#### SUPPLIED ENTRIES ####
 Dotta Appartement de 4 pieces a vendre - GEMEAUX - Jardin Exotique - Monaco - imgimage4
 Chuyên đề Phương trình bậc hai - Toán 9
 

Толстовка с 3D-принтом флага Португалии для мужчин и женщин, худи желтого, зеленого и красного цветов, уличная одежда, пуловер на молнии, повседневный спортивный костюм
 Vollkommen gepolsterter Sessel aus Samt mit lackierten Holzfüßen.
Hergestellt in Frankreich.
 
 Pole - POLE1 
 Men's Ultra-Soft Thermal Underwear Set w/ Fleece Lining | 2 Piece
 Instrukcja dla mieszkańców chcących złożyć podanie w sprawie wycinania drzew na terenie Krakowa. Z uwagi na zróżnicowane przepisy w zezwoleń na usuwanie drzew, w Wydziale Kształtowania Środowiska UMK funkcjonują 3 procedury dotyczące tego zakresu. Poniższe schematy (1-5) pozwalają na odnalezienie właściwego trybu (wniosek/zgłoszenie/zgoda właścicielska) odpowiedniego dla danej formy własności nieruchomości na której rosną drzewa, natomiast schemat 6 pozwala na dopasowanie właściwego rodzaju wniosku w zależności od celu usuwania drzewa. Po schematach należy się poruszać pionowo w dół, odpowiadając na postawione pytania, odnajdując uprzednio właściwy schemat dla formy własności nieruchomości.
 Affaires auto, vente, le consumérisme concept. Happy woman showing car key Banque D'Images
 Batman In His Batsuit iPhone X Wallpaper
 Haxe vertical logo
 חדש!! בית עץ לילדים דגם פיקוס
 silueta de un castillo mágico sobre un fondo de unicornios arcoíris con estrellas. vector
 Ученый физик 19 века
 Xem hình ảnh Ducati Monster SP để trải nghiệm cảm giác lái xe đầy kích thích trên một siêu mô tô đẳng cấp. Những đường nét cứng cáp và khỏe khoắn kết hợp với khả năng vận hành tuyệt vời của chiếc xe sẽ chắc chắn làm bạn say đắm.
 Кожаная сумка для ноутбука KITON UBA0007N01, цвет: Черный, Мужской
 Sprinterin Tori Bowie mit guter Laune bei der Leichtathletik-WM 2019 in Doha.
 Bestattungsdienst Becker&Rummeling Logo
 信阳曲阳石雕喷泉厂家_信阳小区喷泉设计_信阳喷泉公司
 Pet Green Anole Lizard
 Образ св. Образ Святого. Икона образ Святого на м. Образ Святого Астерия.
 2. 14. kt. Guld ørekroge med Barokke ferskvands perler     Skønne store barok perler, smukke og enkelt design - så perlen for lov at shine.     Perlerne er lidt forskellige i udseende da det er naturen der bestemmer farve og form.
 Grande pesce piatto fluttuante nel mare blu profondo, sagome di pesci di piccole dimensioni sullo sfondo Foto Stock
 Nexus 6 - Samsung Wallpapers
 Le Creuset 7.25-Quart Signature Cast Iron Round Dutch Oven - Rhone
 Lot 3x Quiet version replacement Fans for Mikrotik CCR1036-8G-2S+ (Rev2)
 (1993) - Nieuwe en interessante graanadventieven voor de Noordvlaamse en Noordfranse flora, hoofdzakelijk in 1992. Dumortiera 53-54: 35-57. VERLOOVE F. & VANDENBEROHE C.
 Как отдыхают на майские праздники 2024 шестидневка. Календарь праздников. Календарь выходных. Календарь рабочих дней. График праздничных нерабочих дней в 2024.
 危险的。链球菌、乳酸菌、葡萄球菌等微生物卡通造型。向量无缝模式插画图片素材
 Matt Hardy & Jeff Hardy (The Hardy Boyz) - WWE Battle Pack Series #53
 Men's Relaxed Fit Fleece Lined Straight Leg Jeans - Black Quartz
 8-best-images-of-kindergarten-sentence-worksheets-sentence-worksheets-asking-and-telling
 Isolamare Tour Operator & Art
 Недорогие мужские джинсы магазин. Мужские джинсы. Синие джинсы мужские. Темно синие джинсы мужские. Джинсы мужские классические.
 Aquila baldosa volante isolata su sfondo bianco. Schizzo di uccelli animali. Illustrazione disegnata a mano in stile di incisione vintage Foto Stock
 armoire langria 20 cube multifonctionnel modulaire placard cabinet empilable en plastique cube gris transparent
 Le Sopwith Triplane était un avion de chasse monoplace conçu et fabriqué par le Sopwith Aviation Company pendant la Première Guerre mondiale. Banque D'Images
####
**WHAT YOU HAVE TO DO**
Up to and including the line containing "Образ св. Образ", please write out the listing exactly, starting from its first line.

**RESULT OF THE EXERCISE**
 Dotta Appartement de 4 pieces a vendre - GEMEAUX - Jardin Exotique - Monaco - imgimage4
 Chuyên đề Phương trình bậc hai - Toán 9
 

Толстовка с 3D-принтом флага Португалии для мужчин и женщин, худи желтого, зеленого и красного цветов, уличная одежда, пуловер на молнии, повседневный спортивный костюм
 Vollkommen gepolsterter Sessel aus Samt mit lackierten Holzfüßen.
Hergestellt in Frankreich.
 
 Pole - POLE1 
 Men's Ultra-Soft Thermal Underwear Set w/ Fleece Lining | 2 Piece
 Instrukcja dla mieszkańców chcących złożyć podanie w sprawie wycinania drzew na terenie Krakowa. Z uwagi na zróżnicowane przepisy w zezwoleń na usuwanie drzew, w Wydziale Kształtowania Środowiska UMK funkcjonują 3 procedury dotyczące tego zakresu. Poniższe schematy (1-5) pozwalają na odnalezienie właściwego trybu (wniosek/zgłoszenie/zgoda właścicielska) odpowiedniego dla danej formy własności nieruchomości na której rosną drzewa, natomiast schemat 6 pozwala na dopasowanie właściwego rodzaju wniosku w zależności od celu usuwania drzewa. Po schematach należy się poruszać pionowo w dół, odpowiadając na postawione pytania, odnajdując uprzednio właściwy schemat dla formy własności nieruchomości.
 Affaires auto, vente, le consumérisme concept. Happy woman showing car key Banque D'Images
 Batman In His Batsuit iPhone X Wallpaper
 Haxe vertical logo
 חדש!! בית עץ לילדים דגם פיקוס
 silueta de un castillo mágico sobre un fondo de unicornios arcoíris con estrellas. vector
 Ученый физик 19 века
 Xem hình ảnh Ducati Monster SP để trải nghiệm cảm giác lái xe đầy kích thích trên một siêu mô tô đẳng cấp. Những đường nét cứng cáp và khỏe khoắn kết hợp với khả năng vận hành tuyệt vời của chiếc xe sẽ chắc chắn làm bạn say đắm.
 Кожаная сумка для ноутбука KITON UBA0007N01, цвет: Черный, Мужской
 Sprinterin Tori Bowie mit guter Laune bei der Leichtathletik-WM 2019 in Doha.
 Bestattungsdienst Becker&Rummeling Logo
 信阳曲阳石雕喷泉厂家_信阳小区喷泉设计_信阳喷泉公司
 Pet Green Anole Lizard
 Образ св. Образ Святого. Икона образ Святого на м. Образ Святого Астерия.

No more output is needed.